From: "Paul E. McKenney" <paulmck@xxxxxxxxxx>

Reference-count underflow for percpu_ref is detected in the RCU callback
percpu_ref_switch_to_atomic_rcu(), and the resulting warning does not
print anything allowing easy identification of which percpu_ref use
case is underflowing. This is of course not normally a problem when
developing a new percpu_ref use case because it is most likely that
the problem resides in this new use case. However, when deploying a
new kernel to a large set of servers, the underflow might well be a new
corner case in any of the old percpu_ref use cases.

This commit therefore prints the percpu_ref allocation site using the
new kmem_last_alloc() and kmem_last_alloc_errstring() functions in order
to provide a bit more information for the kernel-deployment case.

Cc: Ming Lei <ming.lei@xxxxxxxxxx>
Cc: Jens Axboe <axboe@xxxxxxxxx>
Reported-by: Andrii Nakryiko <andrii@xxxxxxxxxx>
Signed-off-by: Paul E. McKenney <paulmck@xxxxxxxxxx>
---
lib/percpu-refcount.c | 15 ++++++++++++---
1 file changed, 12 insertions(+), 3 deletions(-)
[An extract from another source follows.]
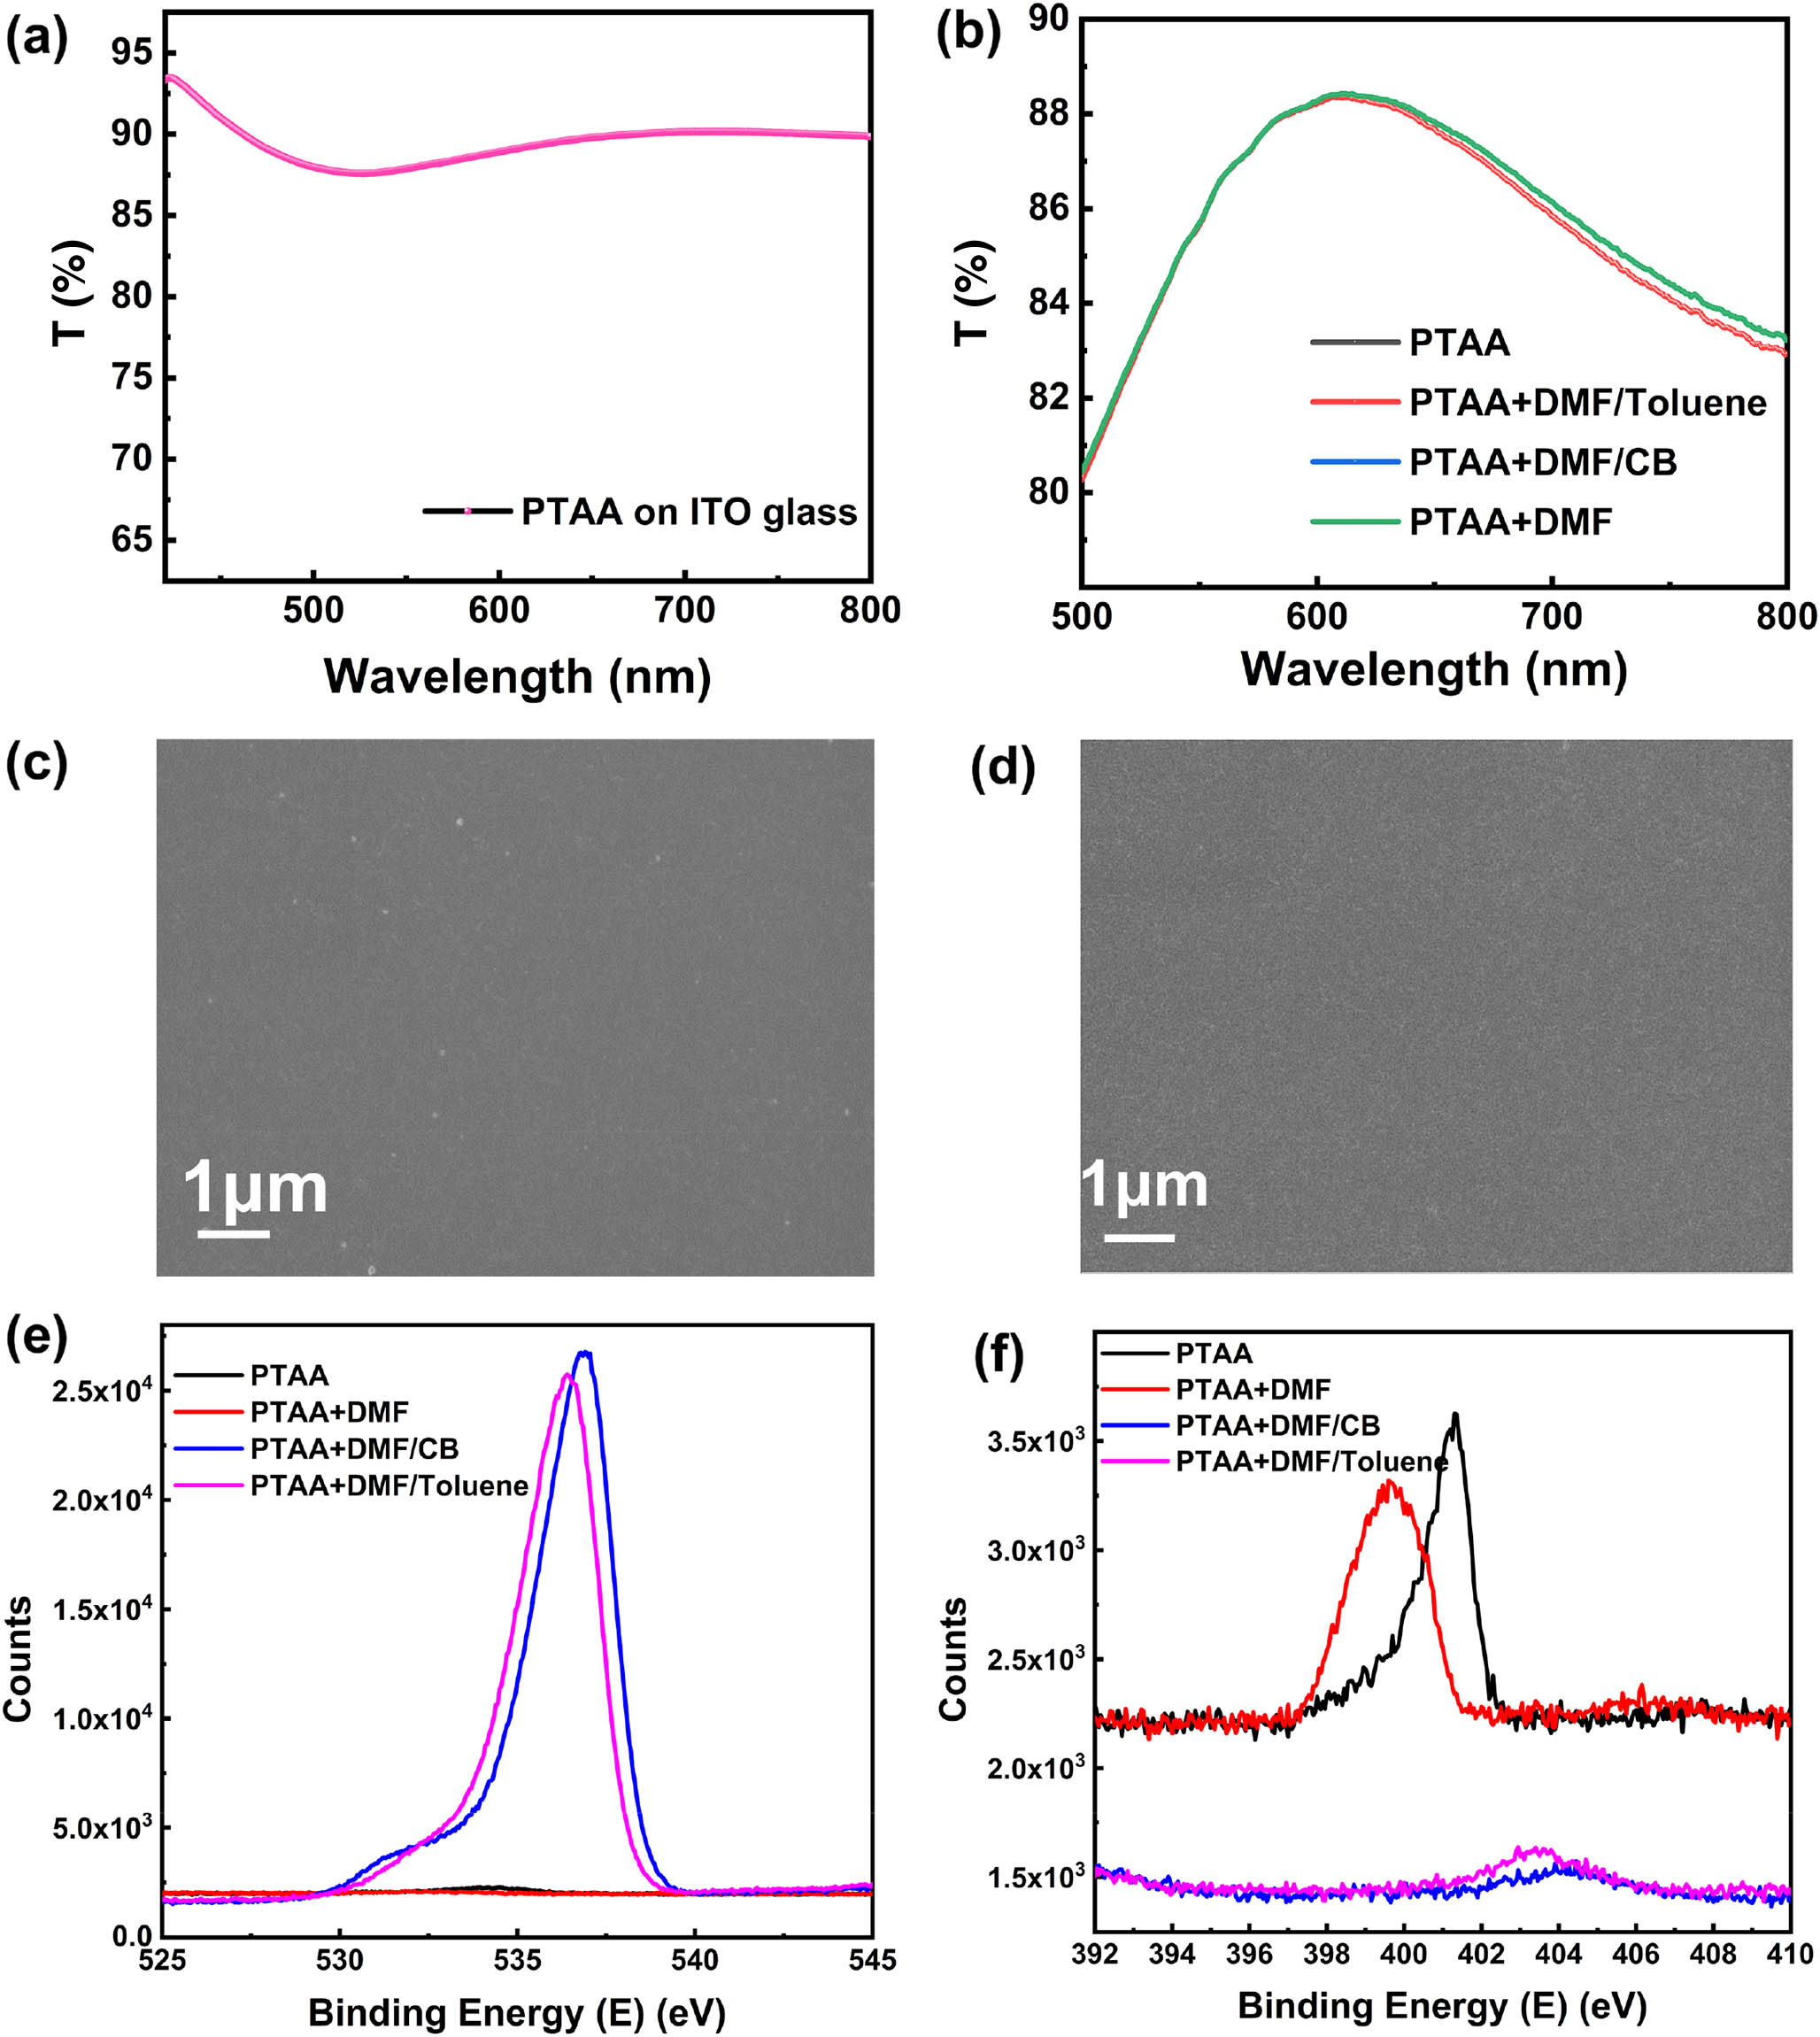 Transmittance of PTAA on (a) ITO glass and on (b) electronic grade pure glass; SEM (scale bar=1 μm) images of (c) ITO glass and (d) PTAA precursor covered ITO glass. XPS profiles for PTAA, PTAA+DMF, PTAA+DMF/CB, and PTAA+DMF/toluene on ITO substrate: (e) scan for O 1s; (f) scan for N 1s.
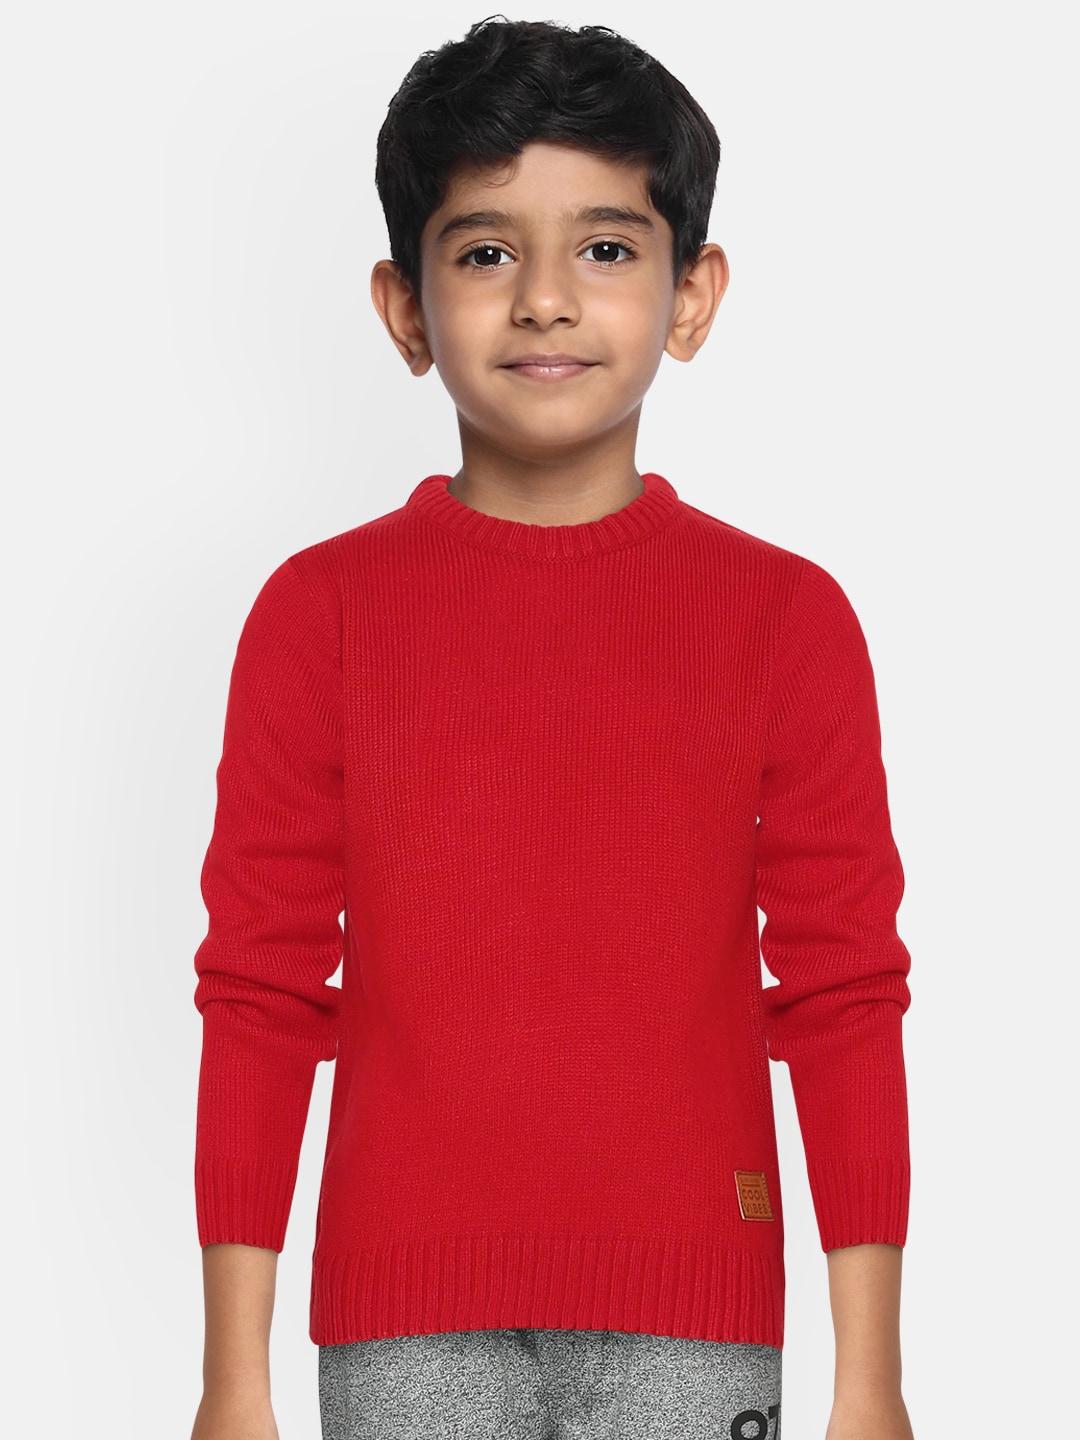 yk-boys-red-solid-round-neck-pullover

diff --git a/lib/percpu-refcount.c b/lib/percpu-refcount.c
index e59eda0..8c7b21a0 100644
--- a/lib/percpu-refcount.c
+++ b/lib/percpu-refcount.c
@@ -169,6 +169,8 @@ static void percpu_ref_switch_to_atomic_rcu(struct rcu_head *rcu)
struct percpu_ref *ref = data->ref;
unsigned long __percpu *percpu_count = percpu_count_ptr(ref);
unsigned long count = 0;
+ void *allocaddr;
+ const char *allocerr;
int cpu;

for_each_possible_cpu(cpu)
@@ -191,9 +193,16 @@ static void percpu_ref_switch_to_atomic_rcu(struct rcu_head *rcu)
*/
atomic_long_add((long)count - PERCPU_COUNT_BIAS, &data->count);

- WARN_ONCE(atomic_long_read(&data->count) <= 0,
- "percpu ref (%ps) <= 0 (%ld) after switching to atomic",
- data->release, atomic_long_read(&data->count));
+ if (atomic_long_read(&data->count) <= 0) {
+ allocaddr = kmem_last_alloc(data);
+ allocerr = kmem_last_alloc_errstring(allocaddr);
+ if (allocerr)
+ WARN_ONCE(1, "percpu ref (%ps) <= 0 (%ld) after switching to atomic (%s)",
+ data->release, atomic_long_read(&data->count), allocerr);
+ else
+ WARN_ONCE(1, "percpu ref (%ps) <= 0 (%ld) after switching to atomic (allocated at %pS)",
+ data->release, atomic_long_read(&data->count), allocaddr);
+ }

/* @ref is viewed as dead on all CPUs, send out switch confirmation */
percpu_ref_call_confirm_rcu(rcu);
--
2.9.5